Main contributions of this paper:

This paper proposes a semi-supervised low-sample image classification learning method based on anti-label learning. The method is as follows:

Step 1, construct a metatask, use a pre-trained neural network as a feature extractor to extract image data, extract features corresponding to the support set, query set and unlabeled data set in the metatask, and train a classifier on the support set for subsequent image classification tasks;

Step 2, the anti-label learning module inversely labels the unlabeled image data with a higher accuracy rate of 95%, and uses a classifier to learn and update on the inverse labels, and continuously iterate until the anti-label cannot be selected;

Step 3, the positive label learning module obtains positive labels with a category balanced and correct rate as high as 85%, and uses a classifier to learn and update;

Step 4, the trained classifier predicts the final image classification results on the query set.

Compared with the existing technology, the method proposed in this paper has significant advantages:

(1) The anti-label learning module designed by the present invention, by labeling the unlabeled image data and learning it, the error rate of labeling labels on the unlabeled image data is greatly reduced in the initial stage of poor model effect;

(2) After the anti-label learning module, the positive label learning module designed by the present invention can obtain positive labels with high accuracy and balanced categories, and continue to train the model;

(3) The process proposed in this invention is simpler than the previous method, and can use labelless image data to learn more fully and with high quality, and finally achieve better results in the image classification task.

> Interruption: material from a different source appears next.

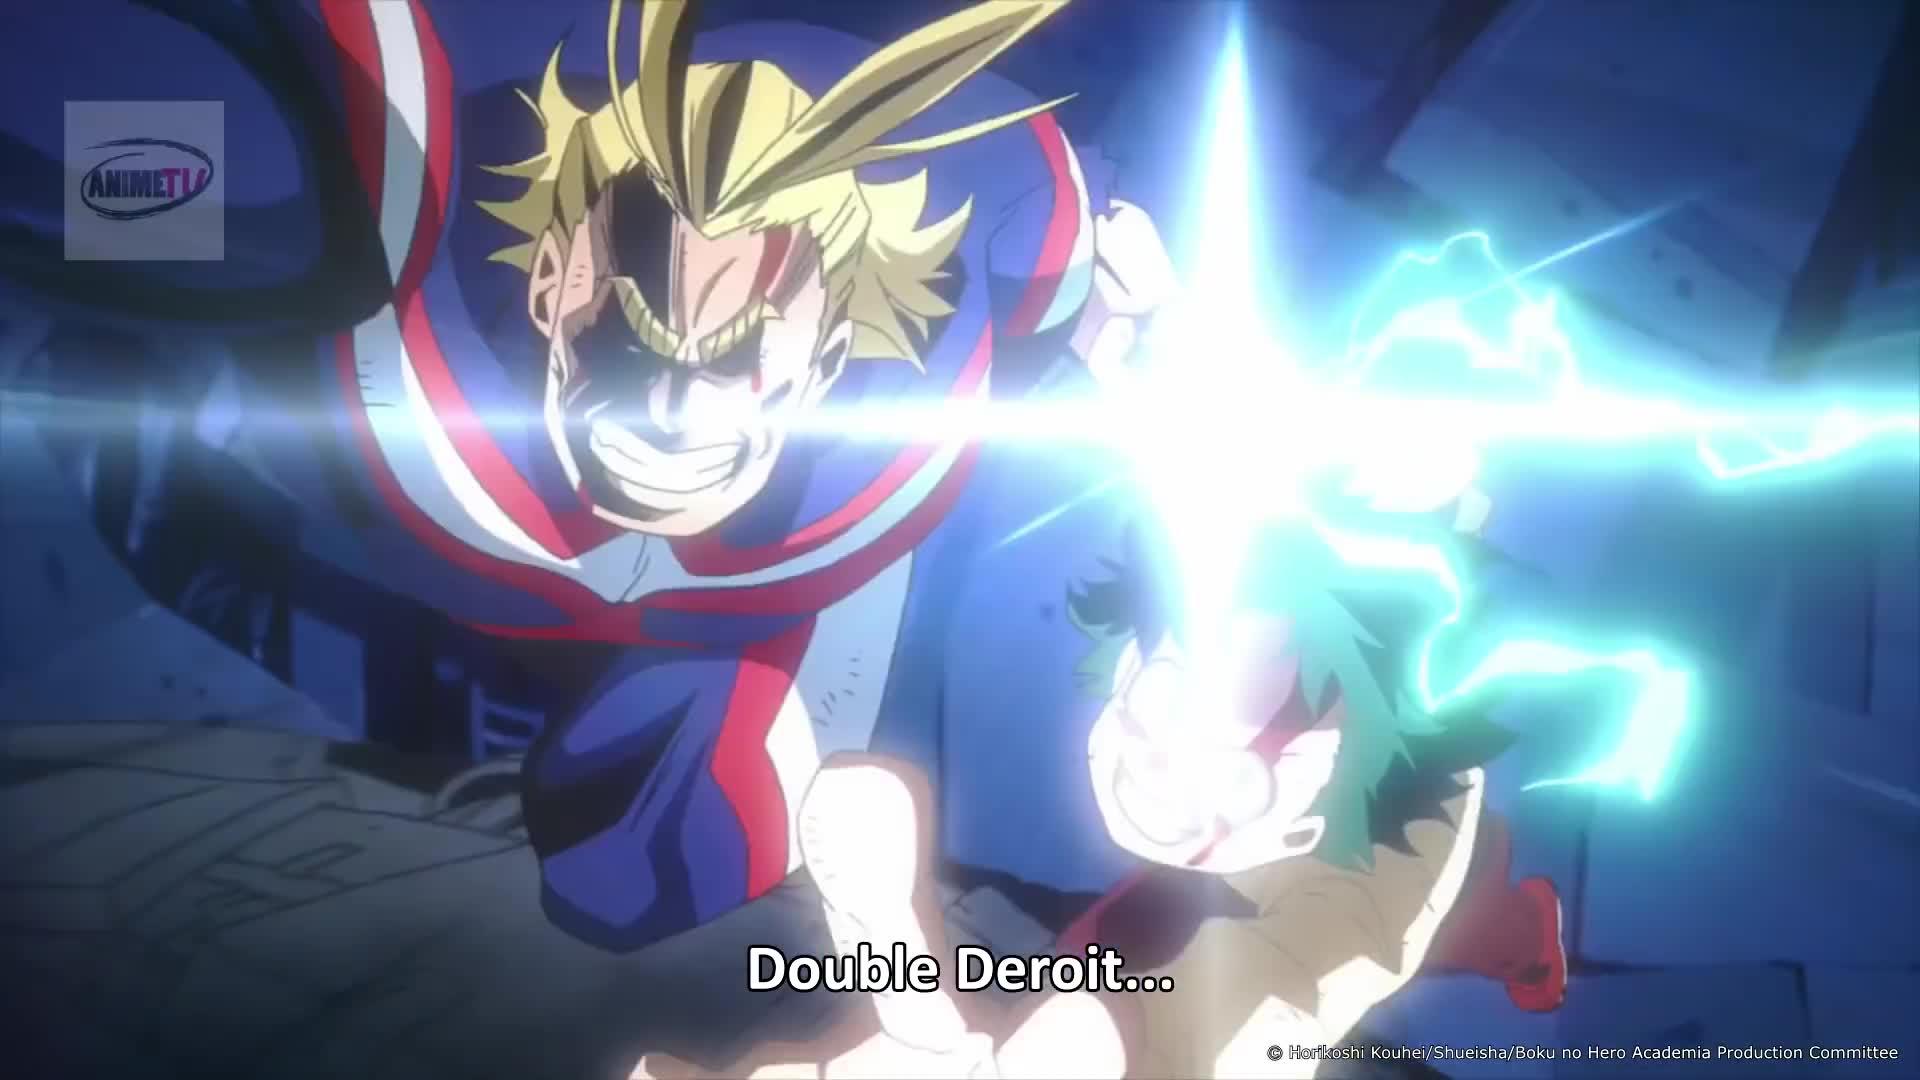 Double Detroit Smash My Hero Academia Two Heroes GIF by 1920x1080
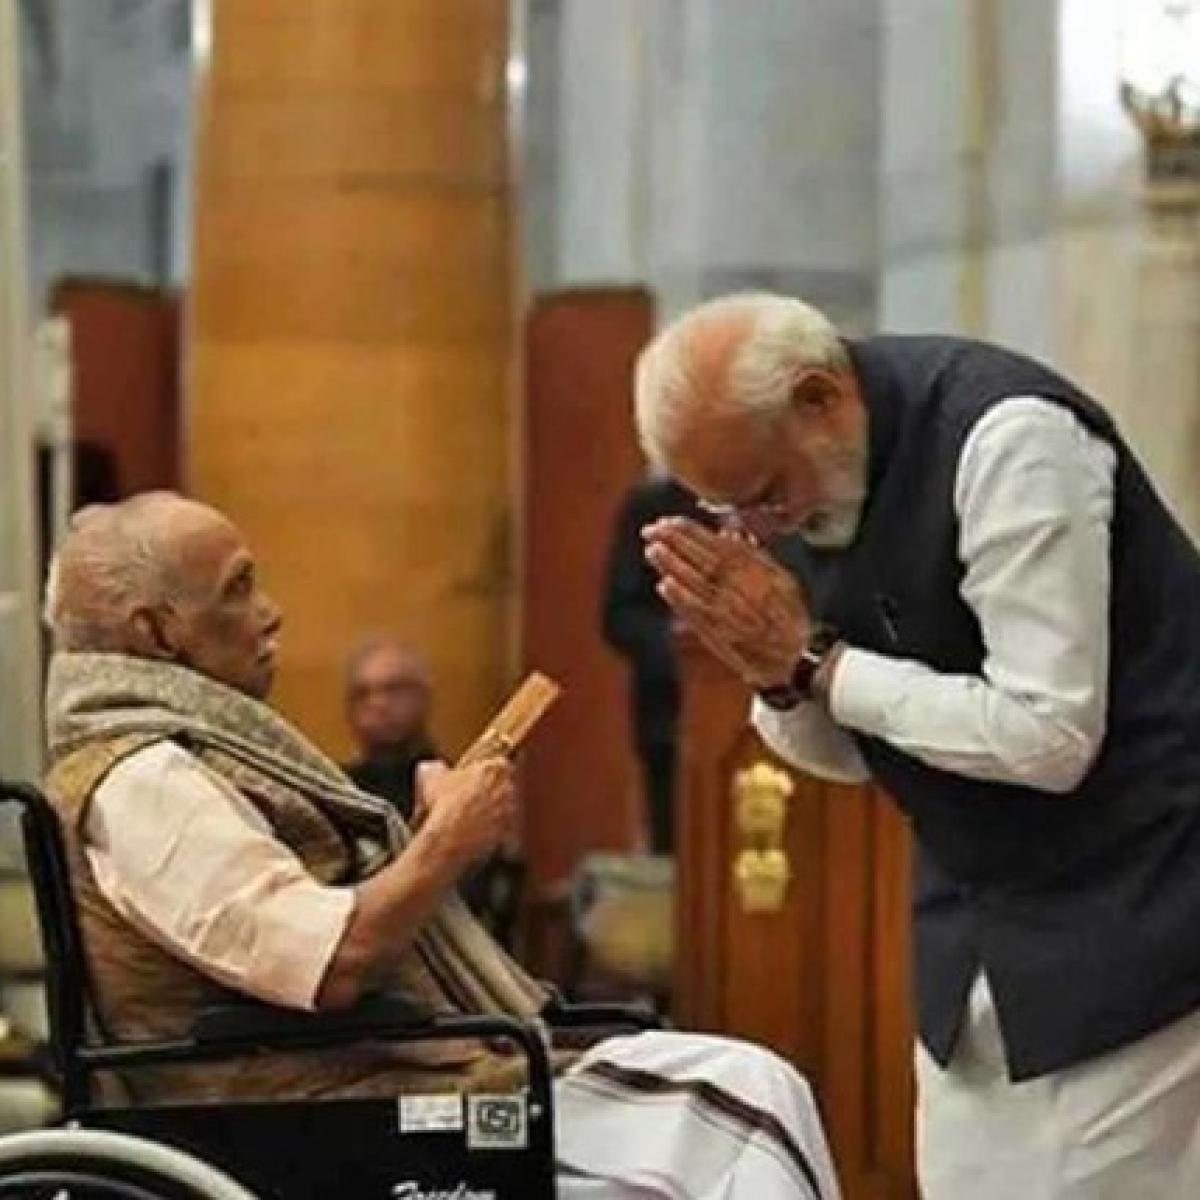 'Deeply saddened': Vice President Naidu, PM Modi condole death of RSS veteran Parameswaran

Innovation Qizhi CTO Zhang Faen (one of the authors of the paper) said: "The current deep learning technology has a great dependence on the number of manually labeled data samples (i.e., labeled data samples). How to reduce the dependence on labeled data samples and use fewer labeled data samples to train an ideal visual algorithm model has become a technical difficulty that needs to be broken through at present. The learning of few sample size aims to learn prior knowledge from existing categories of data, and then use very few labeled data to complete the identification of new categories, breaking the constraints on sample data volume, and has practical value in areas where samples are generally missing, which helps promote the implementation of AI."